Since mental disorders rarely occur in isolation, we will, where reported, code comorbidity as a dummy variable (present/absent) to examine whether and how efficacy and effectiveness vary. Nevertheless, considering our focus on decrease in symptoms severity and improvement in functioning outcomes, we will not perform stratified analyses (within diagnosis).

3.1.3 Intervention

To be included, studies should explicitly use SFBT as a sole intervention, implementing its active ingredients such as: goal setting, future-orientation, co-construction using clients’ language and focus on progress and clients’ strengths. Only studies which provide a clear description of the intervention or declaration of adherence to treatment by following a manual or providing evidence of training and practice experience will be included. Considering that some degree of heterogeneity of the intervention is normally expected between studies (5), efforts will be made to ensure commonality, i.e., the presence of the same core elements and assumptions, to allow the integration of diverse studies into a cohesive analysis of a unified approach. For this purpose, we will use as reference the newest edition of the SFBT treatment manual (23), due to its root in the core assumptions and active ingredients promoted by the founders of the approach while including also current advancements in the field based on empirical evidence.

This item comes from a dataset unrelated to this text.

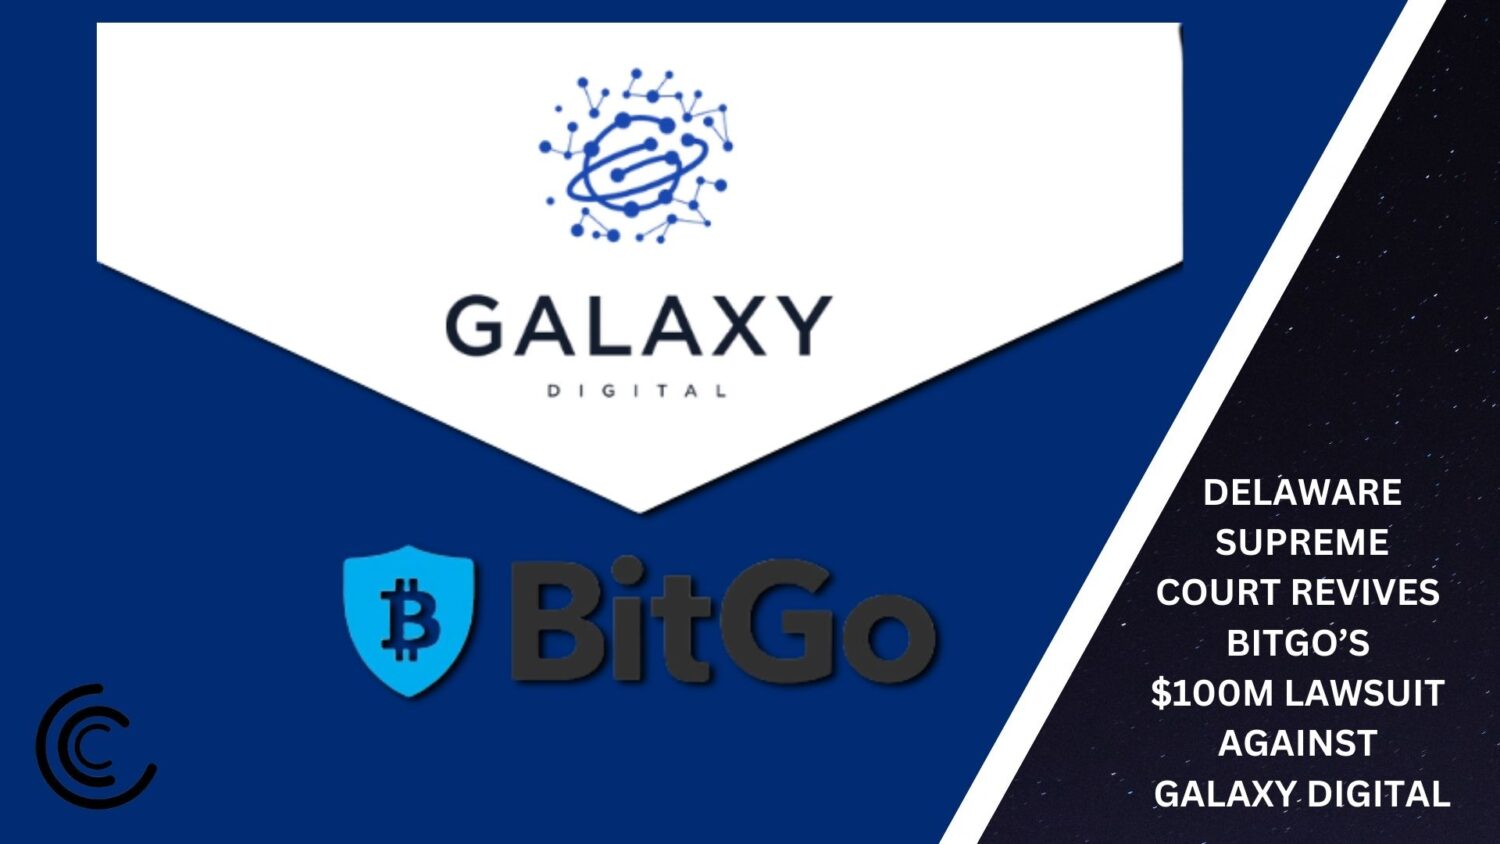 Delaware Supreme Court Revives Bitgo’s $100M Lawsuit Against Galaxy Digital

To ensure high fidelity to SFBT, only studies using at least four core elements will be considered for selection, in line with the recommendations from previous systematic reviews (3, 16). We guided the selection of the minimal core elements based on existing theoretical arguments (24), empirical evidence (16, 25), and the newest treatment manual (23). Thus, the minimal elements presented in a primary study to be included are (i) the specific use of language during the co-construction of meaning, (ii) goal definition by having a description of the preferred future, (iii) examination of previous instances where the solution was already present (exceptions to the problem), and (iv) progress towards the goal (by using scaling questions and/or setting next steps).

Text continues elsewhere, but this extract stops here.